# Question re: cake eating



## StillRemains (Aug 9, 2012)

It's now been almost 3 weeks since husband left. We did talk when he came by to pick something up and it went really well. He even decided not to take what he had come to pick up, which I thought was a little strange but I tried not to read anything into that at the same time. Then no contact at all the next day. Today he emails and texts me again and he is wanting to know about kids' day and what they are doing. I gave him a couple short answers and then said I was making dinner and he could text me later if he wanted. That was REALLY hard for me to do because what I really wanted to do was keep talking with him because I miss him! But I feel like if I do that and he can get daily updates, he might feel more like he's not really missing out on anything. 

Is this what I've seen referred to as cake eating? Because I feel like that's what he's doing, having his cake and eating it too! He's out living the single life and shirking his responsibilities yet wants to know what we're doing. It's hurtful to me because I don't have the luxury of running away from my responsibilities! I'm here keeping the household going and caring for our kids. My oldest had another breakdown last night and said it feels like dad died in a way only worse because at least when someone dies, they don't choose to leave you. I think if only he could see what he's doing to his kids, but then deep down, I know that won't matter because the only person he cares about right now is himself. He still swears there is no one else but I am finding it so hard to believe anything else could pull him away from his kids like this! 

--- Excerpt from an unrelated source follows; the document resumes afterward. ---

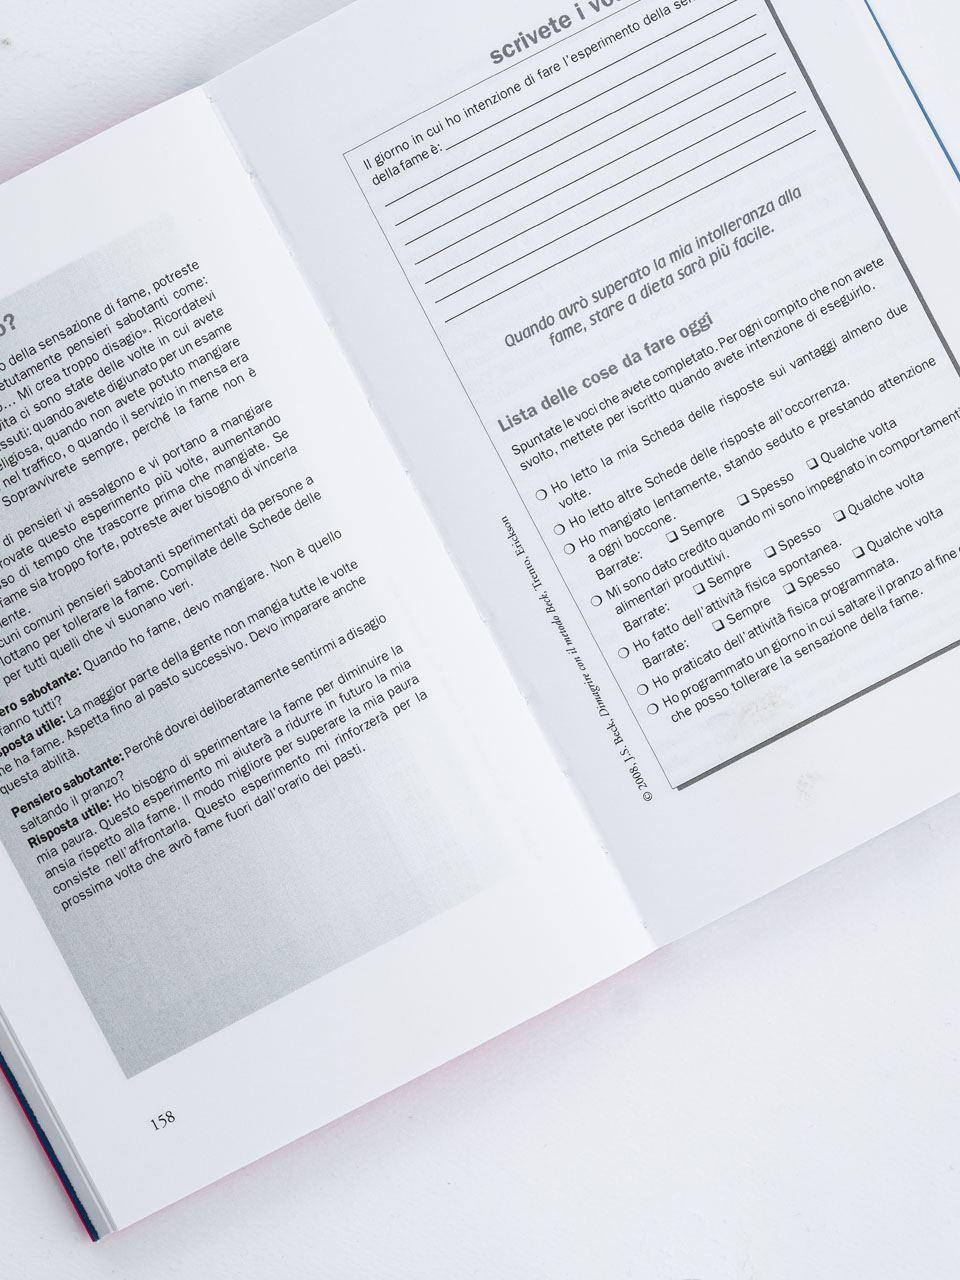 Dimagrire con il metodo Beck - Libri - Erickson 2
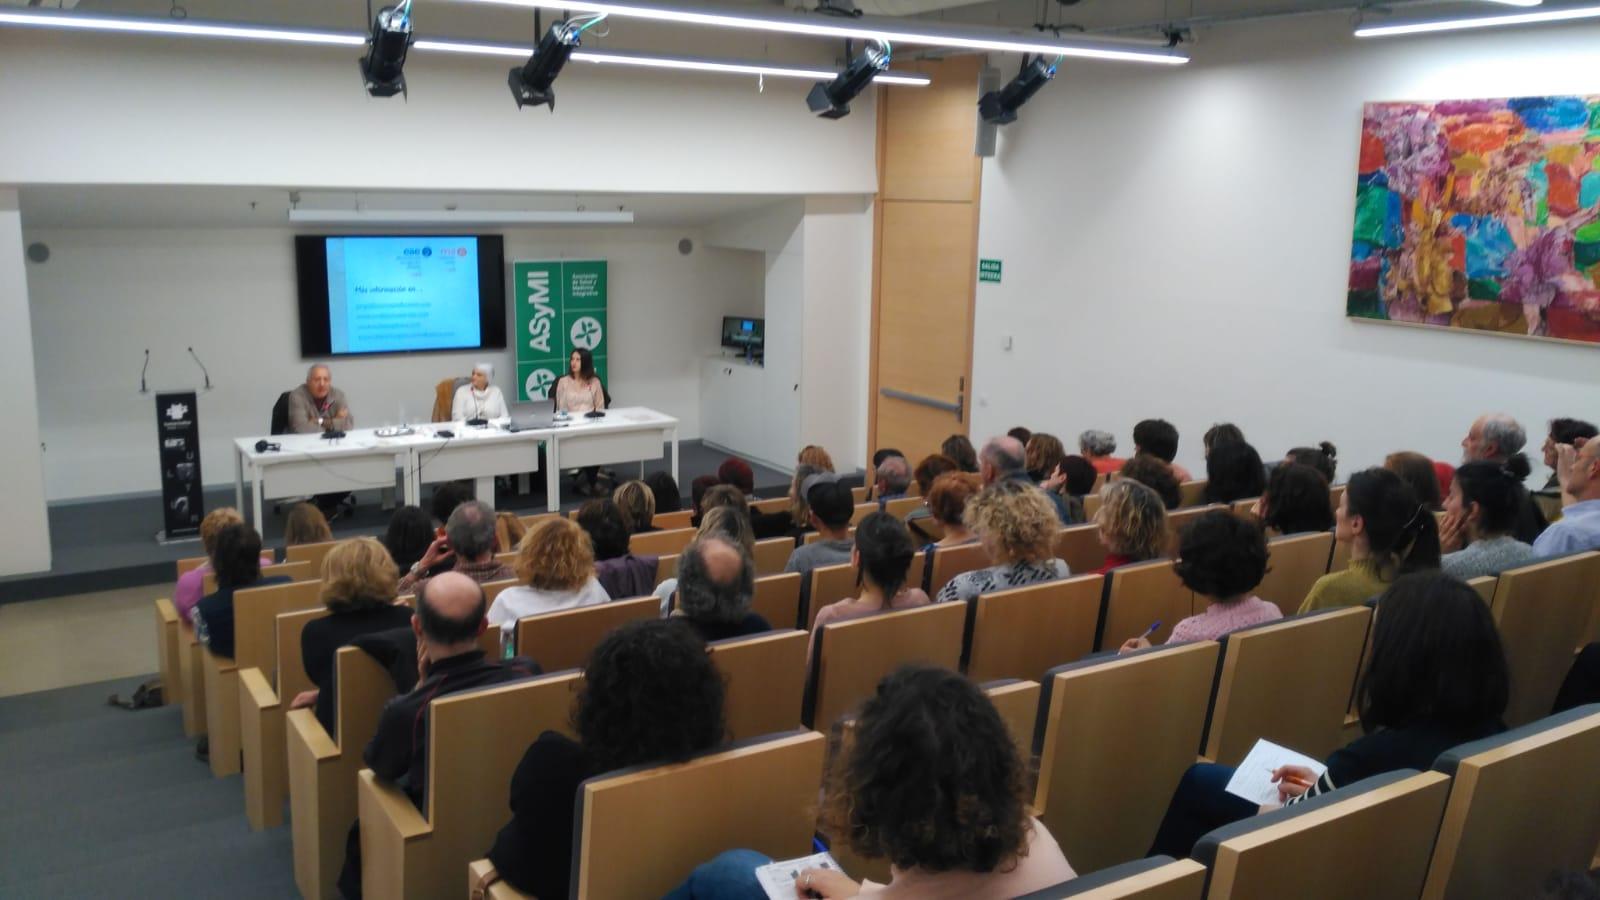 ASyMI APOYANDO LAS PRESENTACIONES DE LAS UNIDADES PEDAGÓGICAS EN BILBAO Y DONOSTIA

Did I do the right thing to say that? I feel like we did make progress with our talk so part of me feels bad for brushing him off because what if he was pulling in and I pushed him further away. But then part of me feels like he is never coming back anyway and it's best for me to detach as much as possible. OMG, I hate this so much!!


----------



## Frostflower (Jul 22, 2012)

StillRemains said:


> It's now been almost 3 weeks since husband left. We did talk when he came by to pick something up and it went really well. He even decided not to take what he had come to pick up, which I thought was a little strange but I tried not to read anything into that at the same time. Then no contact at all the next day. Today he emails and texts me again and he is wanting to know about kids' day and what they are doing. I gave him a couple short answers and then said I was making dinner and he could text me later if he wanted. That was REALLY hard for me to do because what I really wanted to do was keep talking with him because I miss him! But I feel like if I do that and he can get daily updates, he might feel more like he's not really missing out on anything.
> 
> Is this what I've seen referred to as cake eating? Because I feel like that's what he's doing, having his cake and eating it too! He's out living the single life and shirking his responsibilities yet wants to know what we're doing. It's hurtful to me because I don't have the luxury of running away from my responsibilities! I'm here keeping the household going and caring for our kids. My oldest had another breakdown last night and said it feels like dad died in a way only worse because at least when someone dies, they don't choose to leave you. I think if only he could see what he's doing to his kids, but then deep down, I know that won't matter because the only person he cares about right now is himself. He still swears there is no one else but I am finding it so hard to believe anything else could pull him away from his kids like this!
> 
> Did I do the right thing to say that? I feel like we did make progress with our talk so part of me feels bad for brushing him off because what if he was pulling in and I pushed him further away. But then part of me feels like he is never coming back anyway and it's best for me to detach as much as possible. OMG, I hate this so much!!


Does he have any contact with the kids?

On what you have said here, he certainly could be cake-eating. Or perhaps he is having second thoughts and doesn't know how to go about approaching you. Now, don't let that get your hopes up, because in all probability he is cake-eating. Either way, I think you did fine, given how you are feeling. But if it happens again, try not giving him the answers. When my H did a similar thing, asking about our daughter, it was suggested that I tell him to ask her.


----------



## Pluto2 (Aug 17, 2011)

I see a cake-lover here.
When my STBXH first left and he wanted to know what was going on, I directed him to his children. If he wants to know about their day talk to them. I let him know if something happened, but if he wanted day-to-day run downs of activities he needed to talk t his own kids. Well that lasted about two weeks, now he doesn't talk to them either. He's in another state and is a worthless father. He hasn't communicated with his oldest child in more than a month, no text,email or phone calls. Oh, but to hear him say it "my children are my life" Sorry, this just hit a nerve.


----------